▸ TASK DESCRIPTION
The task calls for the lines below from the line with "2005 ford 5.4 Engine Wiring Harness Diagram ford" to the line with "SJYP Flower Embroidery", both ends included, copied exactly, without any pictures.

══ MATERIAL FOR THIS TASK ══

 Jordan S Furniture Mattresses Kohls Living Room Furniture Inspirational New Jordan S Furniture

═══
══ MATERIAL FOR THIS TASK ══

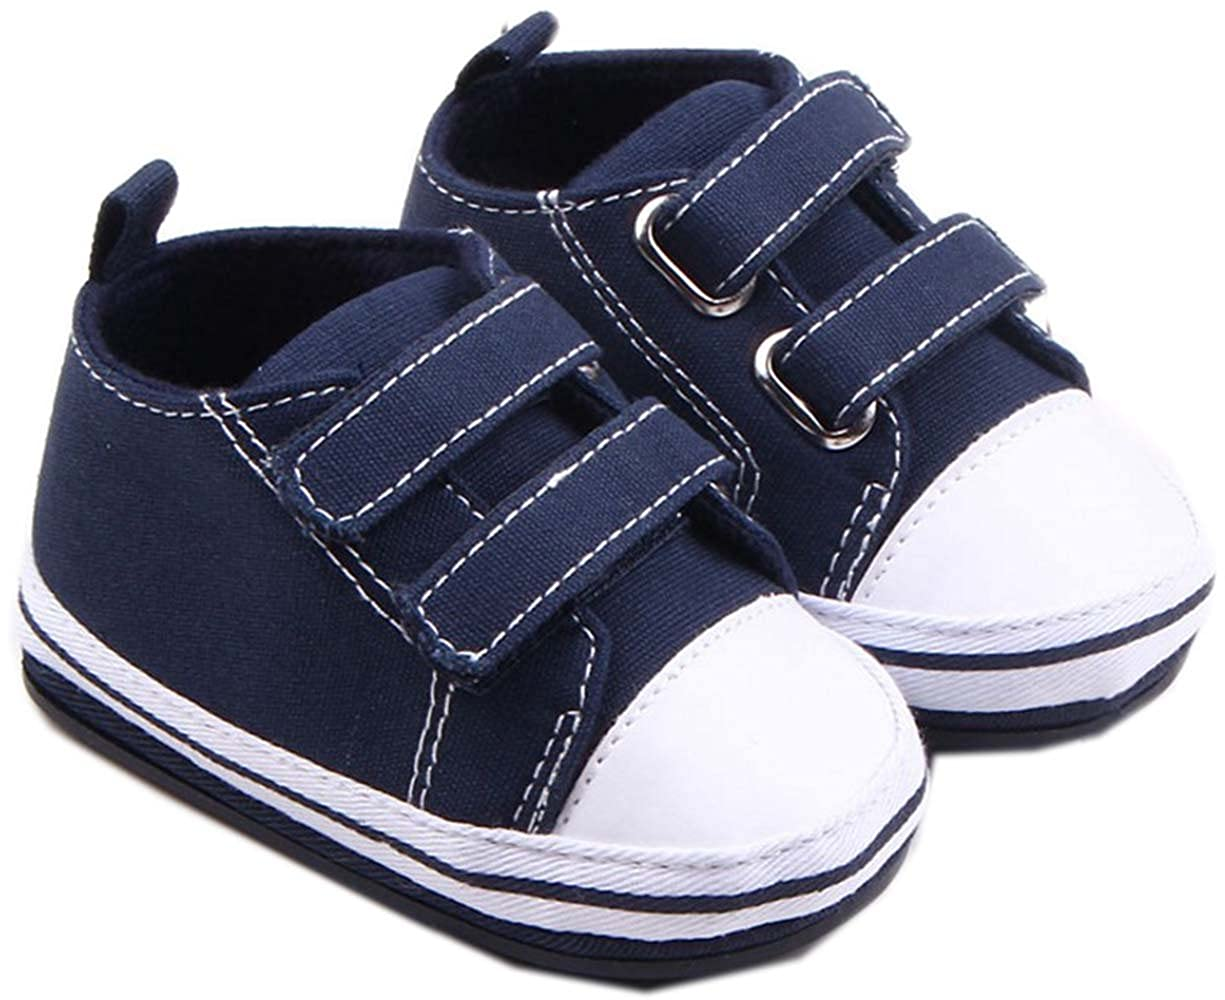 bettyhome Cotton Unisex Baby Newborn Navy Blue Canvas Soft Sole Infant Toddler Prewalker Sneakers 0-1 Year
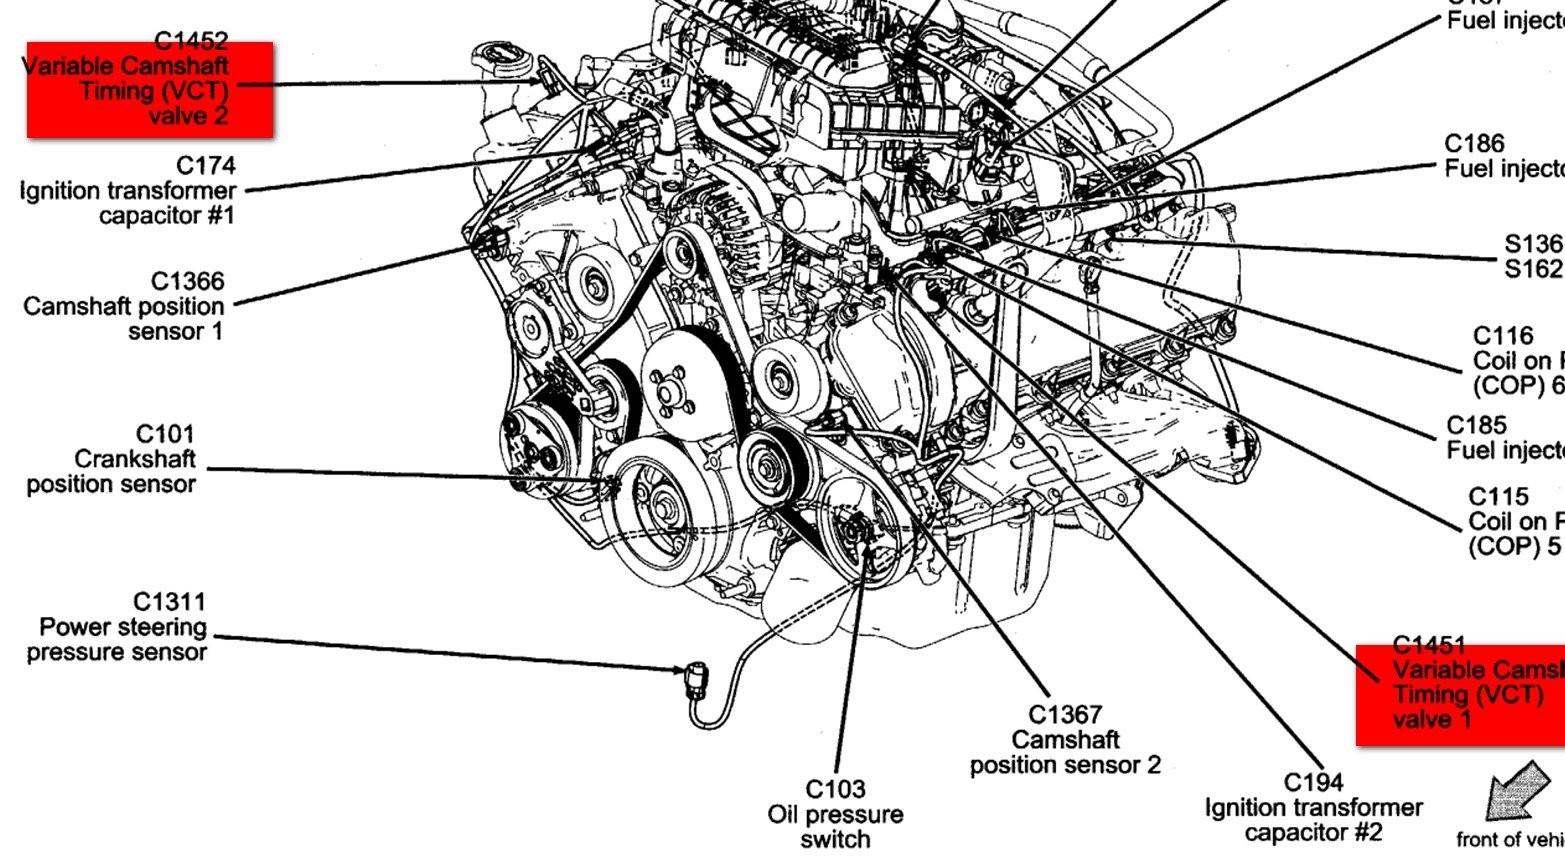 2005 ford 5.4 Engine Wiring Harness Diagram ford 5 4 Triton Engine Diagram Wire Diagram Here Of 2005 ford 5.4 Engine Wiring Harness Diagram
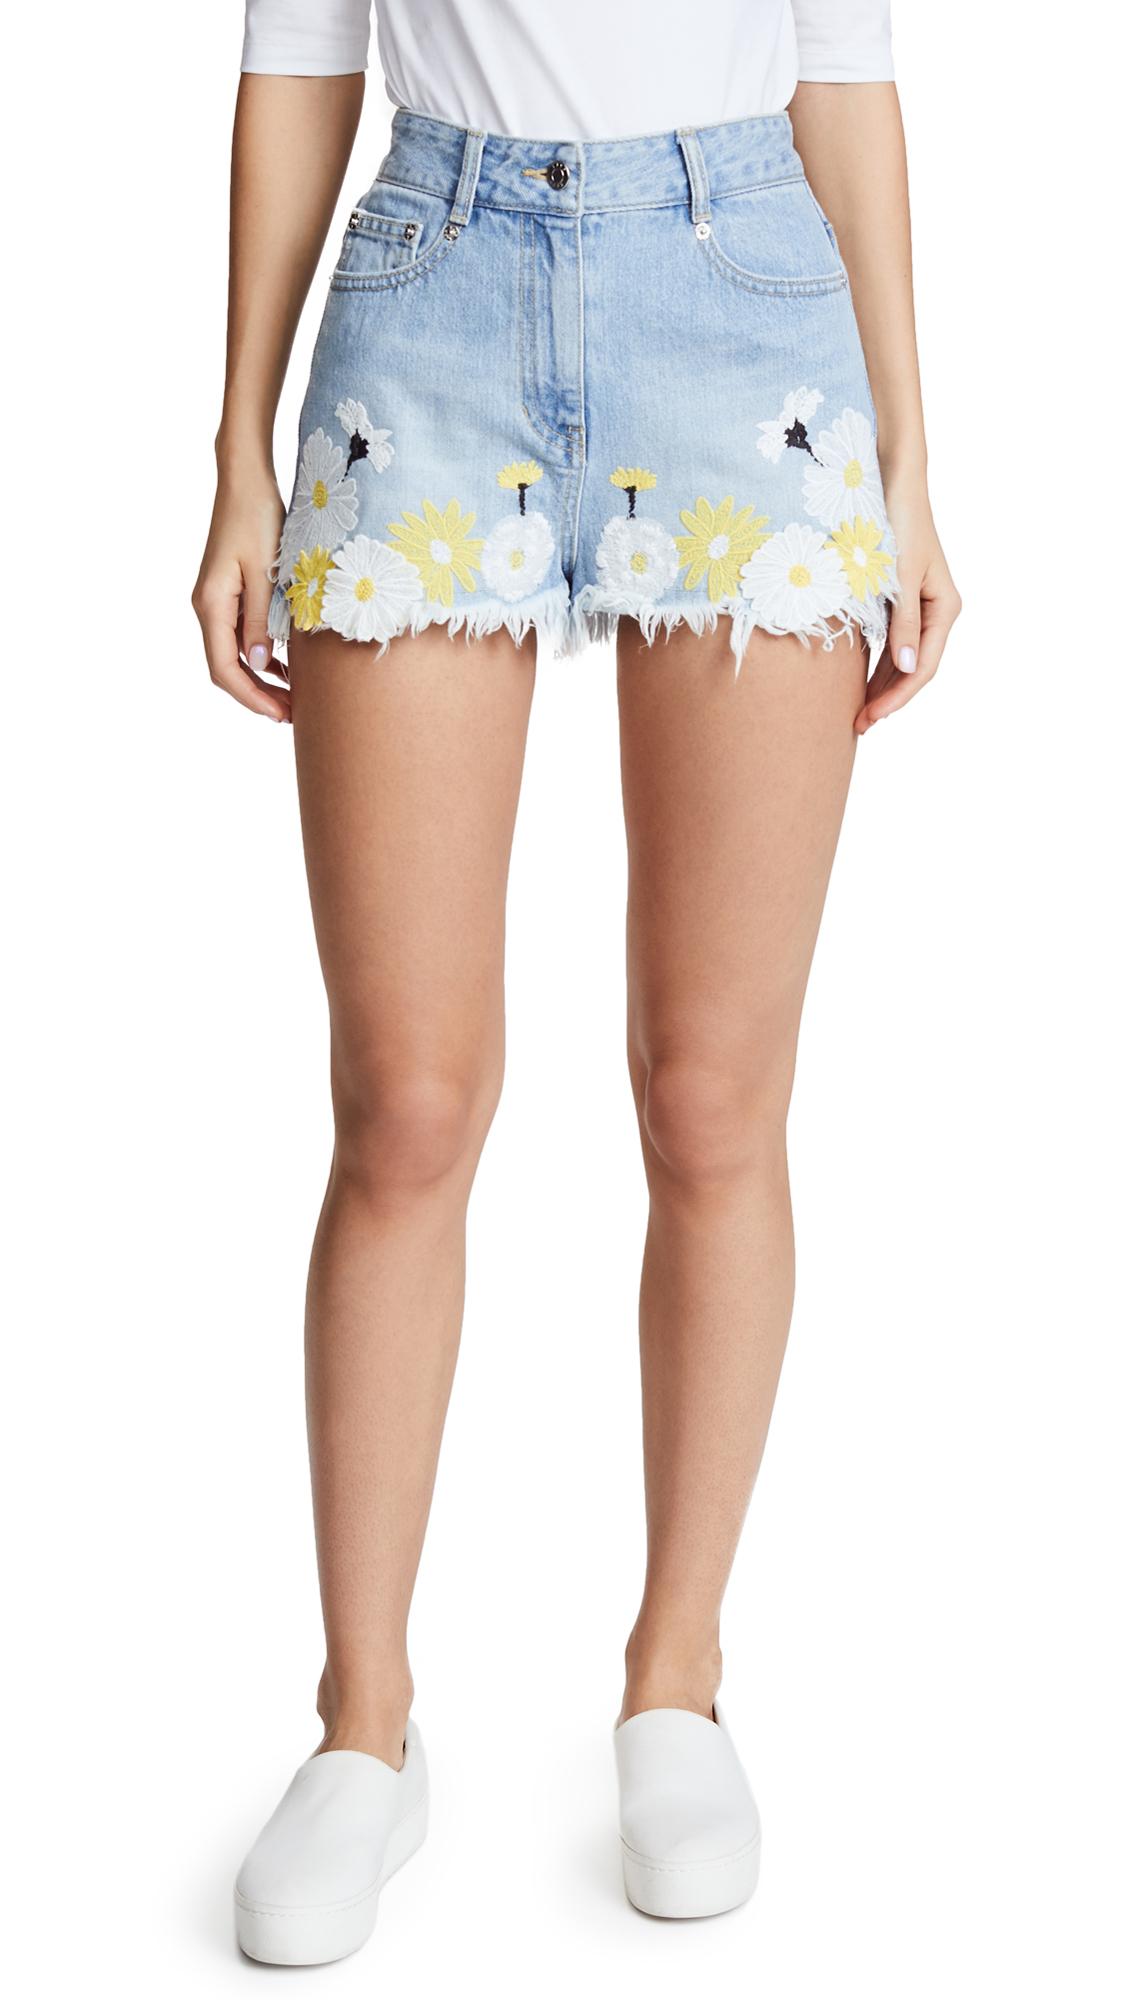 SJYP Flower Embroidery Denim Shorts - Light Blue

═══

▸ YOUR SOLUTION
 2005 ford 5.4 Engine Wiring Harness Diagram ford 5 4 Triton Engine Diagram Wire Diagram Here Of 2005 ford 5.4 Engine Wiring Harness Diagram
 SJYP Flower Embroidery Denim Shorts - Light Blue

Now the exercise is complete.